# Speicher erhöhen



## Ragethunder (4. September 2008)

Hallo,
ich habe mit dem Programm JFlap etwas programmiert, jedoch bekam ich beim Ausführen der Datei eine Fehlermeldung. Mittlerweile bin ich so weit, dass ich weiß, dass der bereitgestellte Speicher anscheinend zu gering ist und dass ich diesen in der cmd-Konsole ändern kann. Jedoch weiß ich nicht genau, wie das geht. 
In einem anderen Forum habe ich gelesen, dass es mit dem Befehl
java -Xmx256m 
möglich ist.

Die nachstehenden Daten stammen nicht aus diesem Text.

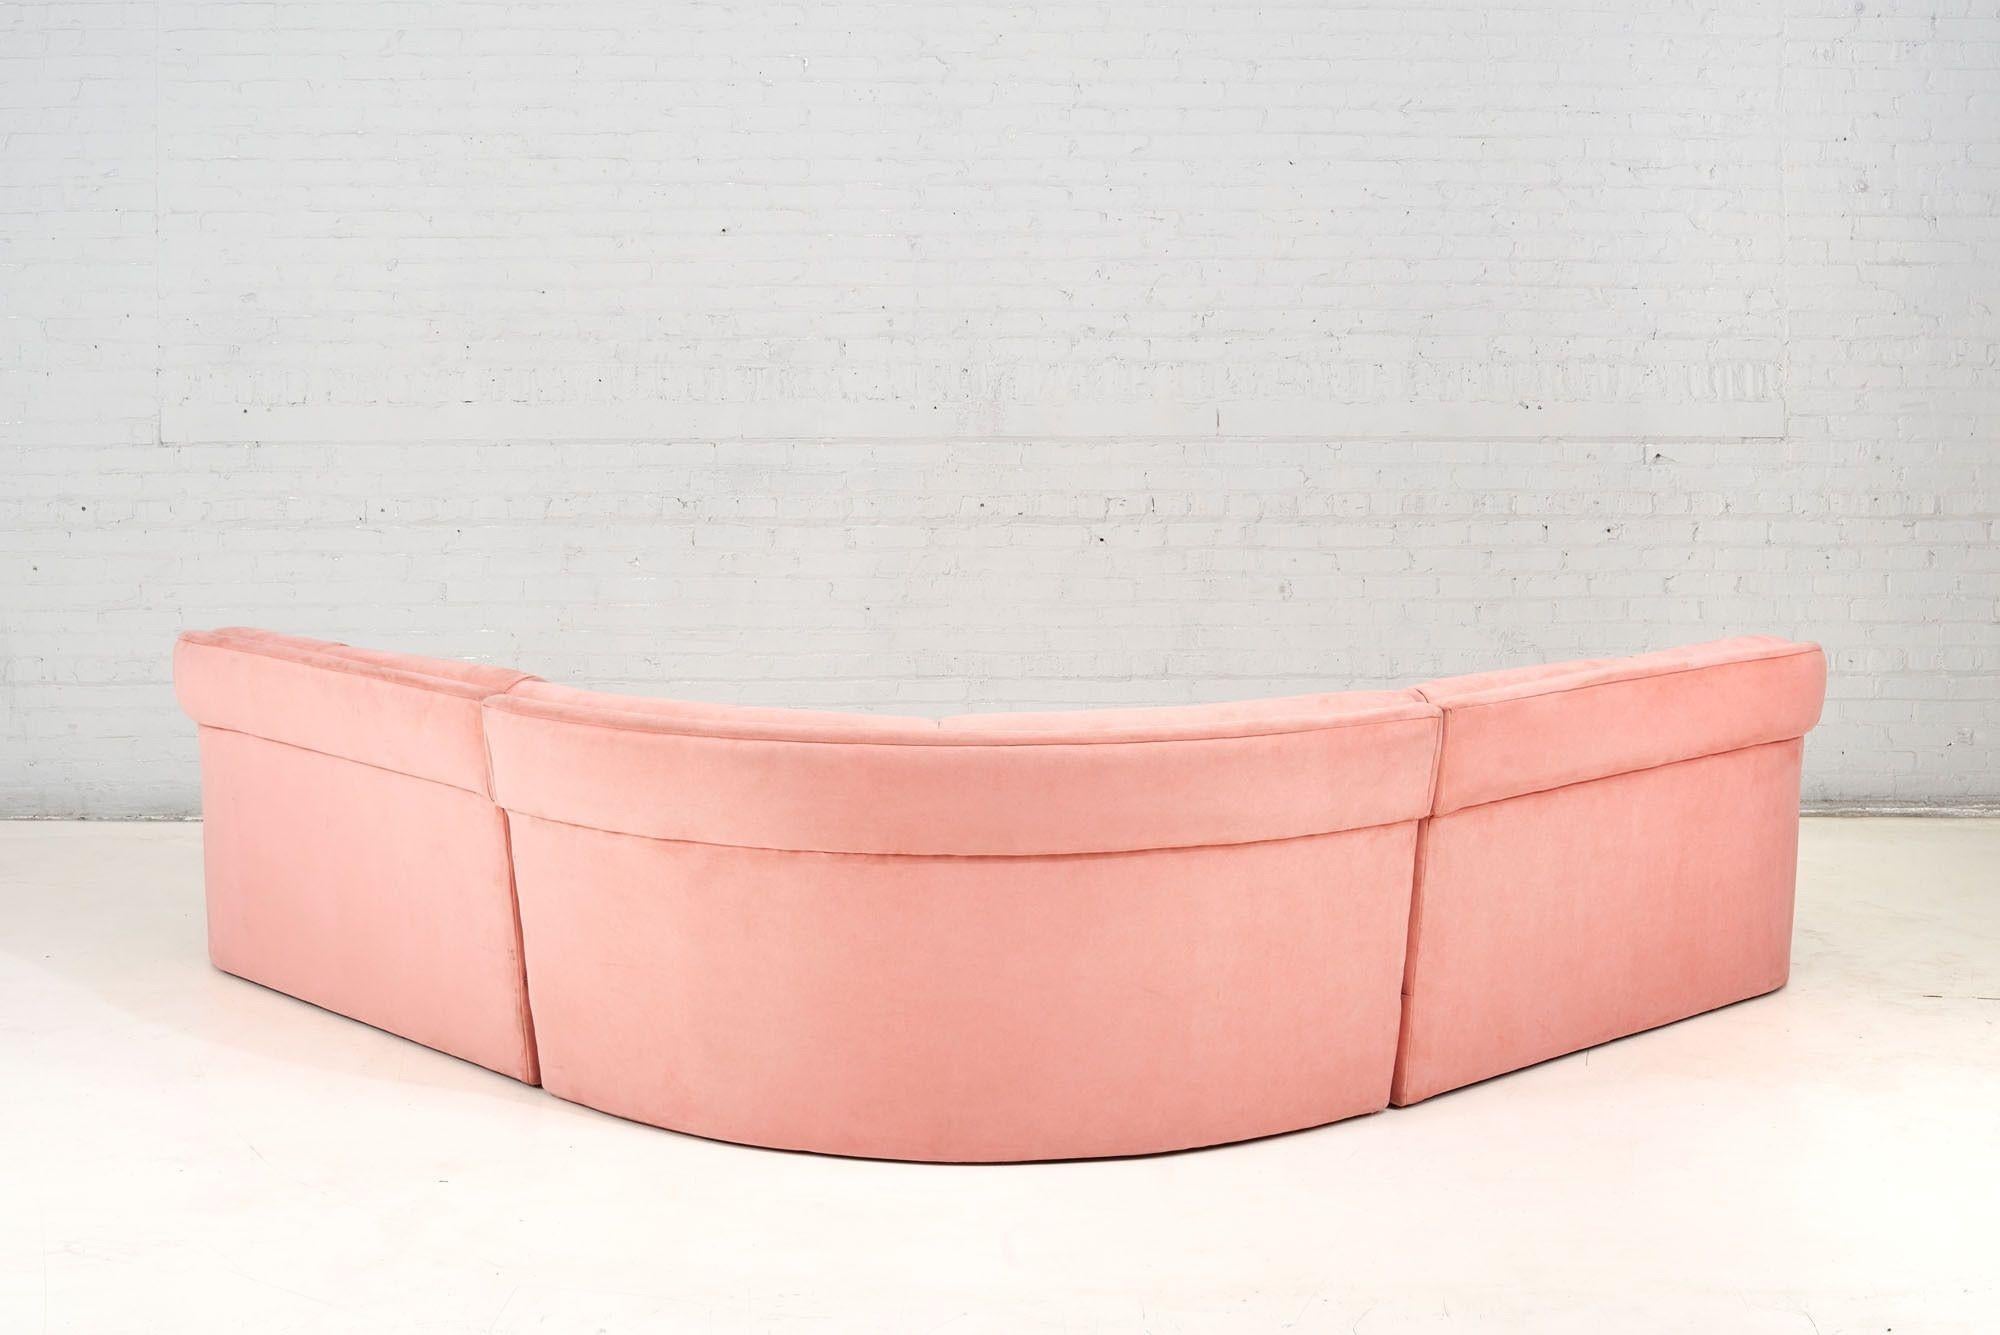 American Pink Postmodern Sectional Sofa, Style of Milo Baughman for Thayer-Coggin, 1980 For Sale
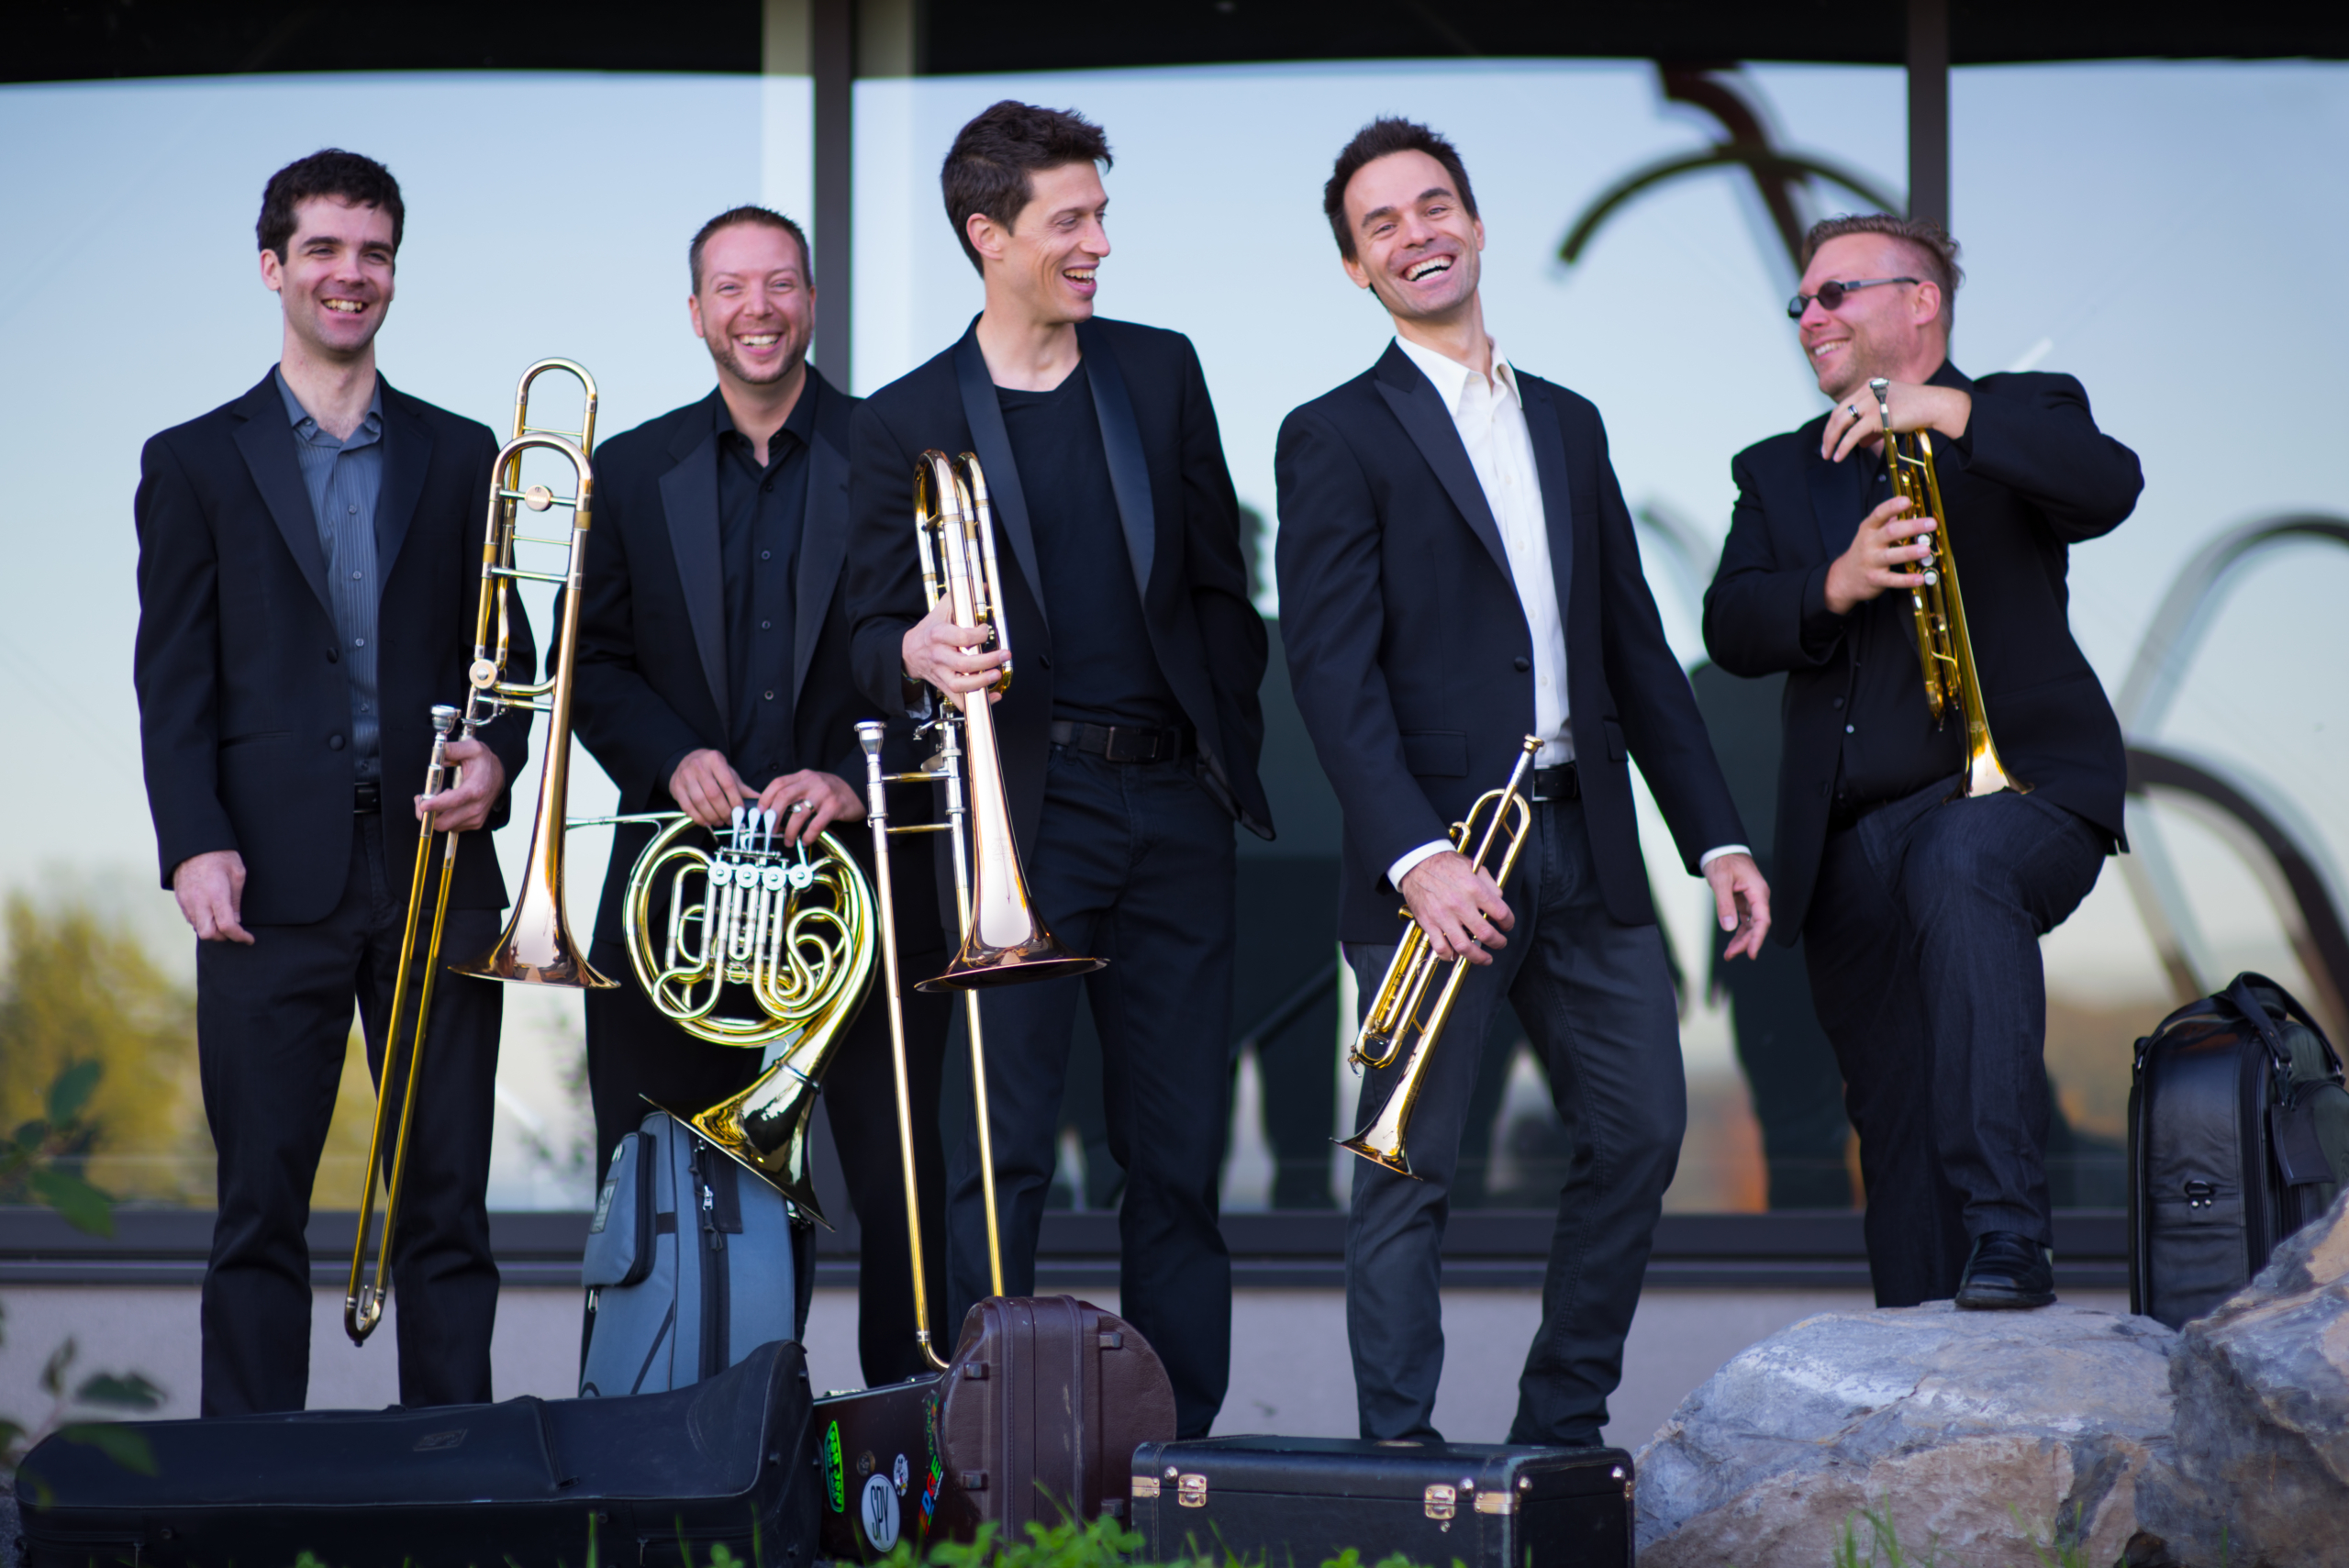 Buzz Brass quintent comes to Steinbach to perform at the Grace Mennonite Church

Kann mir bitte jemand erklären wie genau das funktioniert (habe nicht sehr viel Ahnung). Vielen Dank schonmal im Voraus!

Viele Grüße

Christian


----------



## MichaelW (4. September 2008)

Hi,

also am Beispiel von Eclipse gehst du im Menü auf "Run -> Run Configurations" und fügst bei deiner App. im Reiter Arguments bei "VM Arguments" *-Xmx1024M* ein.
Das sollte dann eig. reichen...

//Edit: 
Von der command line geht das glaube ich so:
"java -Xmx1024M deineApp"

Grüße
Micha


----------



## Ragethunder (4. September 2008)

Habs leider immernoch nicht hinbekommen. Kann mir bitte jemand mal ein Beispiel posten, wie genau die Eingabe lauten muss? Beispielsweise für die Datei beispiel.jff
Vielen Dank schonmal.

Viele Grüße

Christian


----------



## zeja (5. September 2008)

Wie lautet denn deine Fehlermeldung eigentlich? Normalerweise muss man den Speicher nicht erhöhen, oft ist es dann ein Programmierfehler.


----------



## Andibert (9. September 2008)

Ganz meine Meinung.
Für uns auf jeden fall von Bedeutung was du machst, um zu beurteilen ob eine Speichererweiterung überhaupt nötig ist (ich hab das erst einmal (mutwillig) mit nem 2gb großen Array geschafft). Wenn du einen Programmierfehler hast, hilft mehr Speicher eher selten.
Und die Fehlermeldung wär auch nicht schlecht.
Ich tippe einfach mal auf nen Stack Overflow. Dann wäre der Übeltäter meist eine nicht abbrechende Rekursion.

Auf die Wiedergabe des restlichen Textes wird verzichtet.